If the river starts to flood, then the hole limits the amount of water that can come through into the city portion of the river, while the wall redirects the flood waters to tributaries or around the city (into a moat?)

The river then exits through a matching hole at the other end of the city, and (optionally) rejoins the overflow.

(The flow rate of water through the hole when it is submerged should be slightly under 14 * Size_of_Hole * Height_of_Water_above_Hole m³s^-1. Build your wall and the flood-plains alongside it accordingly.)

Similarly - if you have a deep /wide ditch or gorge around your city, you have bring the water in via an aqueduct, which will overflow into the gorge in case of a flood, instead of into your city.

Build a top water limit for the river, like a roof.

When the initial river overflows, at the river will contain always the same amount of water, while the overflow water will go somewhere else.

You can even make the roof out of glas, so you have a modern view of the river

Hope this helps:)

This actually pretty hard to do. Here's why: Water flows downstream. You need a difference in water level between upstream and downstream of your city. Flow through a pipe is essentially a rather complicated function - typically you use the Darcy Weissbach equation in combination with a Moody chart - of this level difference. Approximately, the head loss, or required level difference between upstream and downstream, quadruples when you double the flowrate.

In open flows like rivers the relationship is far more complicated because with higher flow rate the river bed or channel is usually filled more, which means less then quadruple head loss for double flow rate. Open channel flow is not trivial but please read around a bit

What does this mean for your city?

Let's take one of the rivers from Kingledions answer, the Seine with low flow around 100 m³/s, average flow of 280 m³/s and extreme flow of 1280 m³/s

It's often a good idea to look at flow systems starting downstream. Let's say at average flow conditions you have a downstream water level of 50m above sea level. You city is 5 km across, really small. This calculator tells me, with an 8m diameter, 5km long pipe, my pressure loss is 72.445 Pa wich is equivalent to a head loss of 7.2 m. So my upstream reservoir level will be 57.2 m at average conditions.

Now, let's take the extreme flow, now I have 1513.962 Pa - 15m! We need a dike between our upstream reservoir that's 65m above sea level, and 7 m above the normal level of the lake or what have you. Actually more, because at extreme flows the downstream level will be higher too, by a few m!

I suggest a second channel or even third that's only opened at high flow events, also play around with the sizing of the pipes.

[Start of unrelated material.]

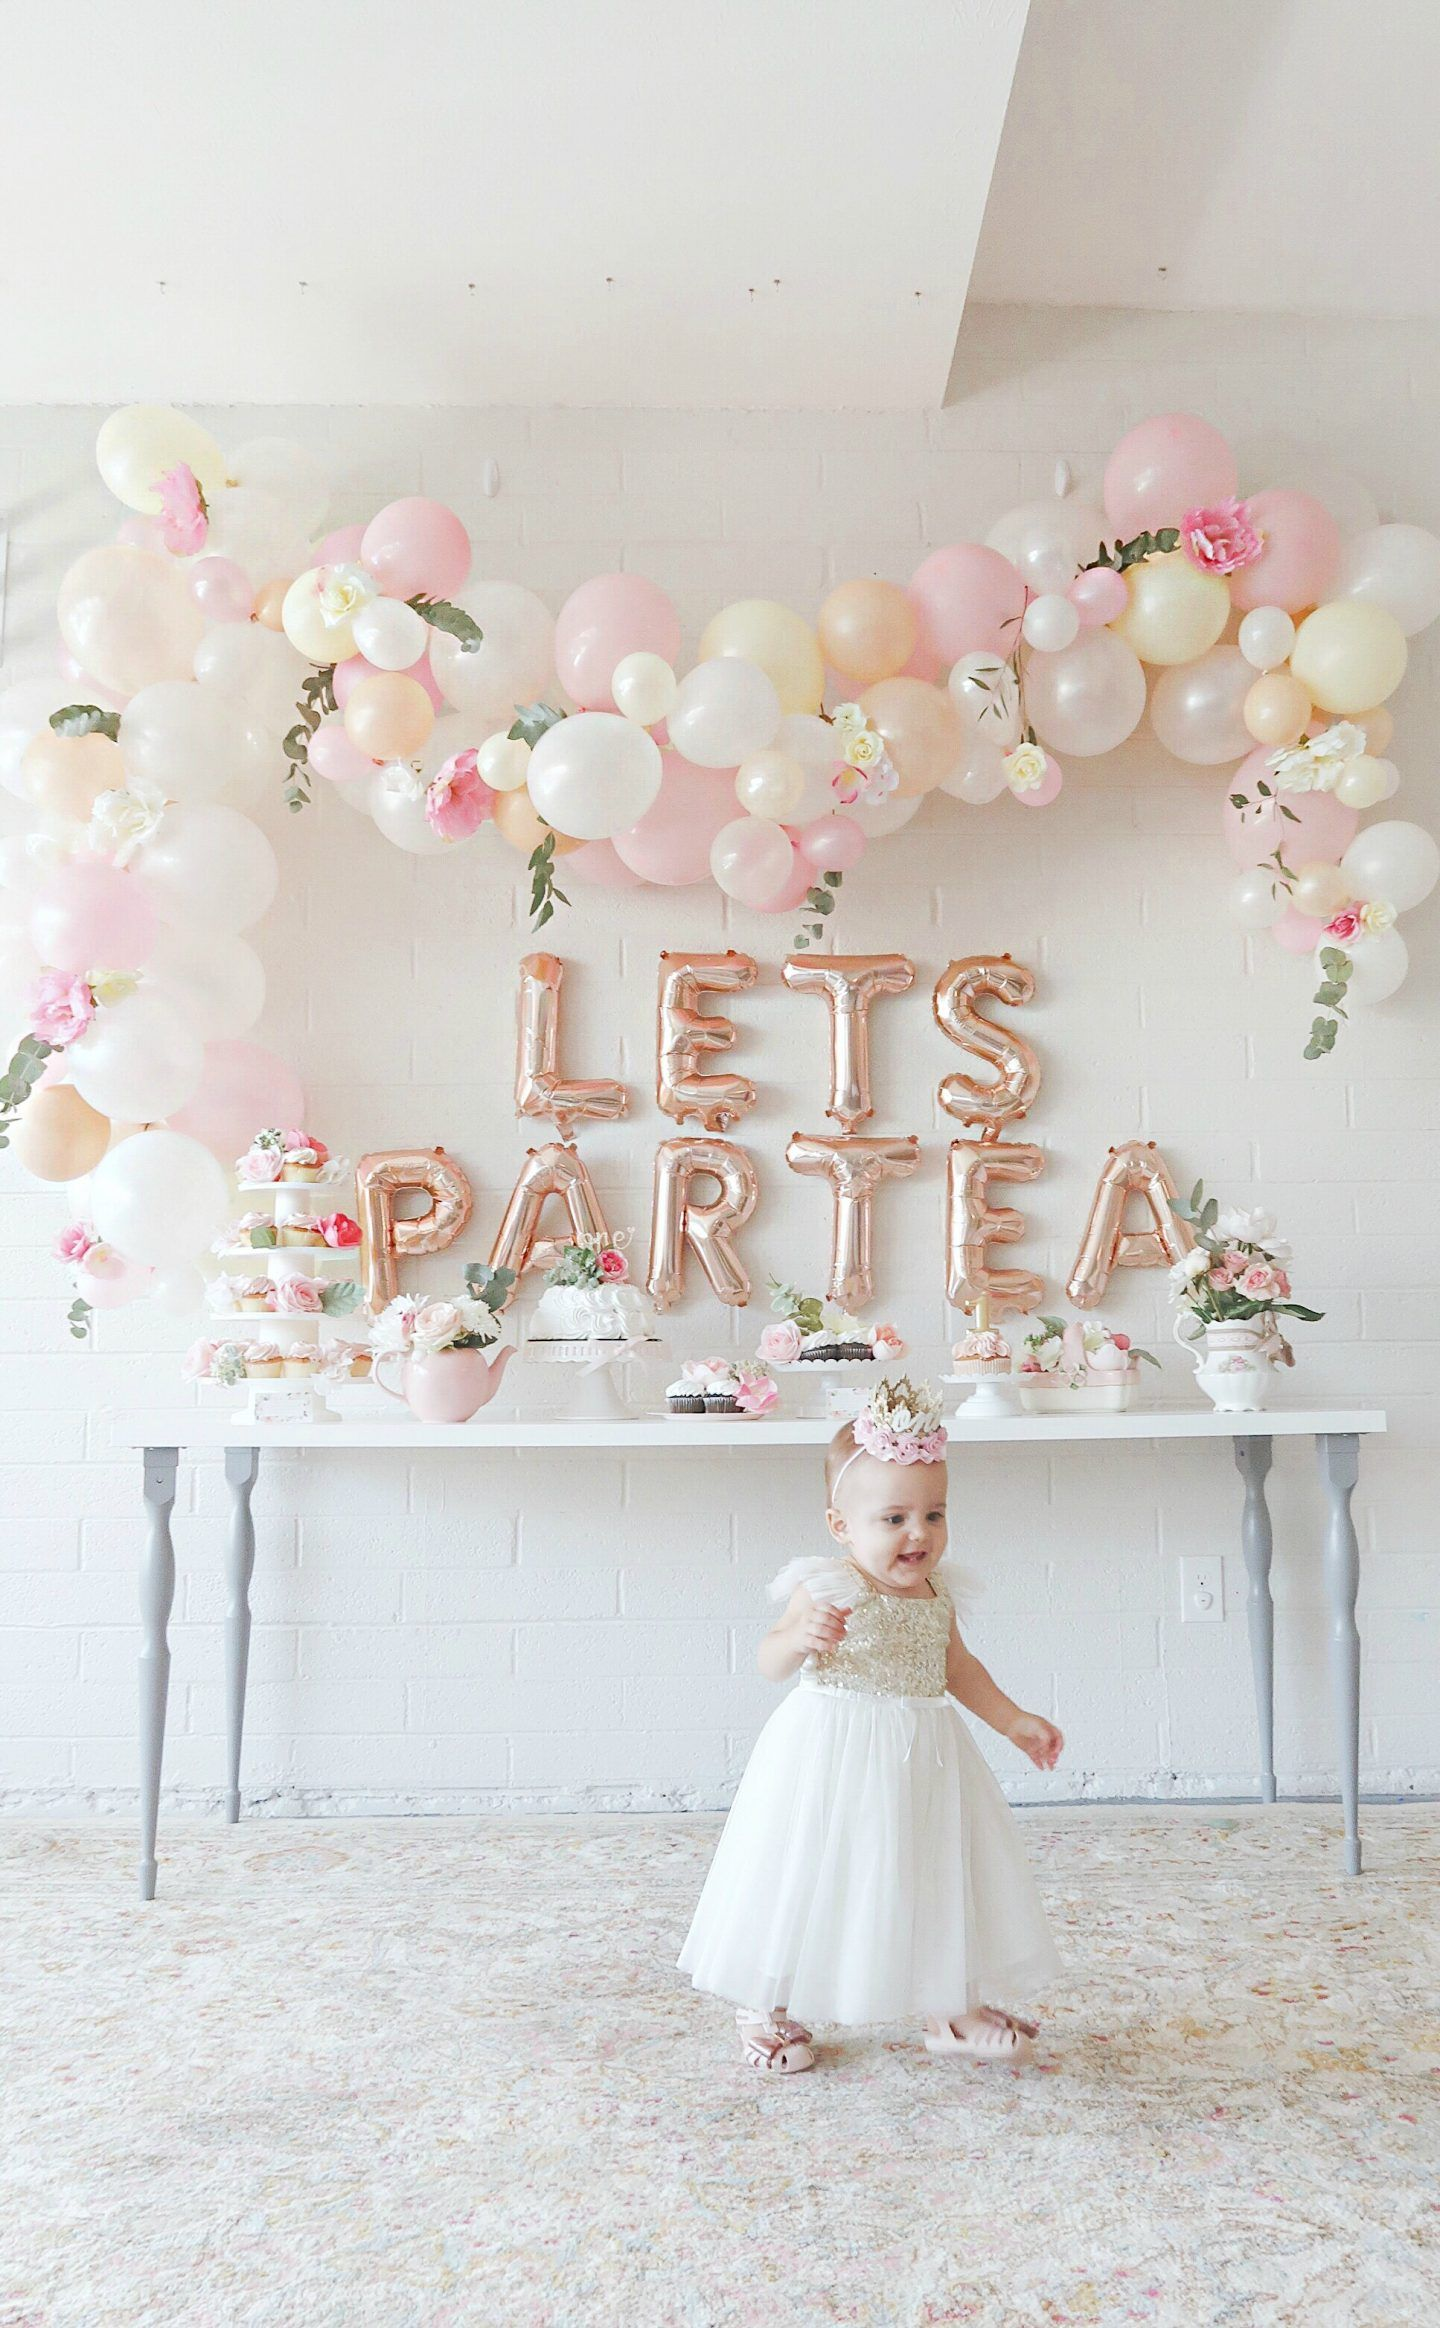 First Birthday Tea Party Lets Partea Birthday Decor Pink Party Decorations Tea Party Birthday Birthday Decorations
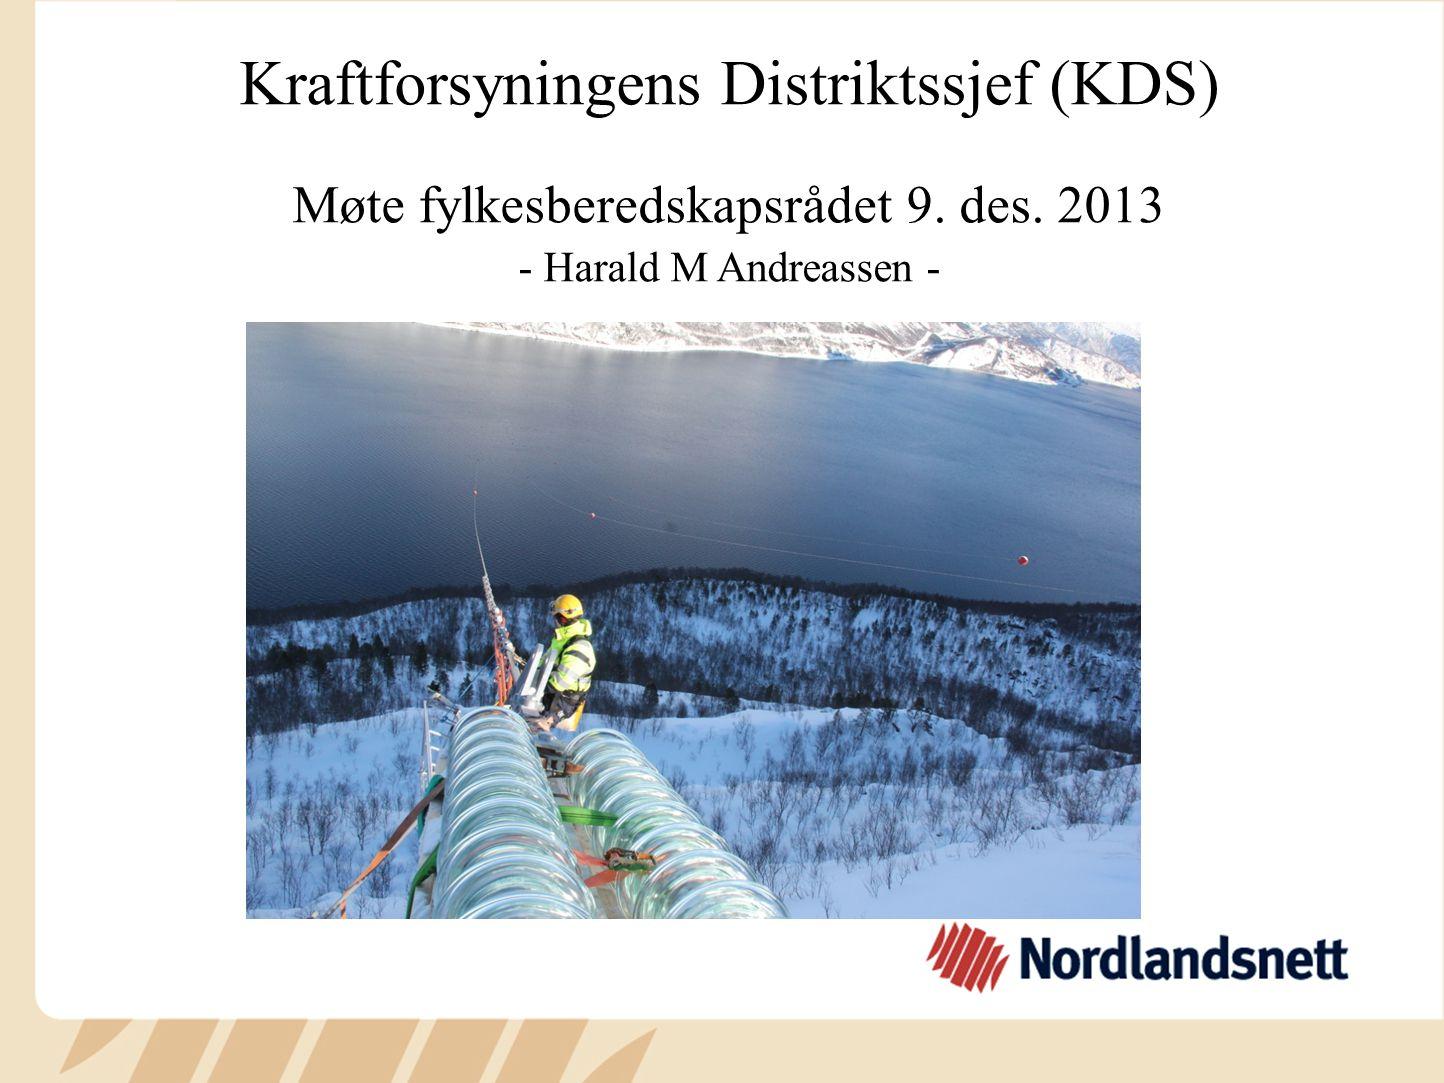 Kraftforsyningens Distriktssjef (KDS) Møte fylkesberedskapsrådet 9. des. 2013 - Harald M Andreassen -

On the other hand, what happens at low flow? At normal flow, we have a flow velocity of 3.6 m/s . At low flow - 100 m³/s - the flow velocity is 1.3 m/s. The DWA-M 275 (An industrial code, Germany, for designing piping systems in wastewater treatemtn plants that I happebn to have open at the moment) advises a flow velocity of at least 2m/s for raw sewage. Why? Sedimentation! at lower flow velocities, sand etc. will sediment and remain in the pipe. In actuality I don't see this problem, because in all likelyhood your pipe will be the fastest streaming part of the river system.

Environmental impact assessment

The pipe will stop migrating fish, at least most of the time, from swimming upstream. This could seriously impact aquatic ecosystems along your river.

The easiest solution is to build your city where existing geography supports your goals. The most obvious (and extreme) example of an overflow-proof river on Earth would be the Grand Canyon in the Southwestern United States. With the walls of the canyon rising an average of 670 meters above the river bed, there’s no chance of it overflowing a hypothetical city built above it.

You’d want something similar, though probably not as extreme - a river cutting through (and eroding) hard rocks to create high, nearly vertical canyon walls that prevent overflow. The specific rocks and age of the river would determine how high the canyon walls are, so adjust as desired. It took the Grand Canyon anywhere between 6 and 70 million years (depending on who you ask) to develop into its current state, so adjust your time scale as necessary and you’ll get what you want.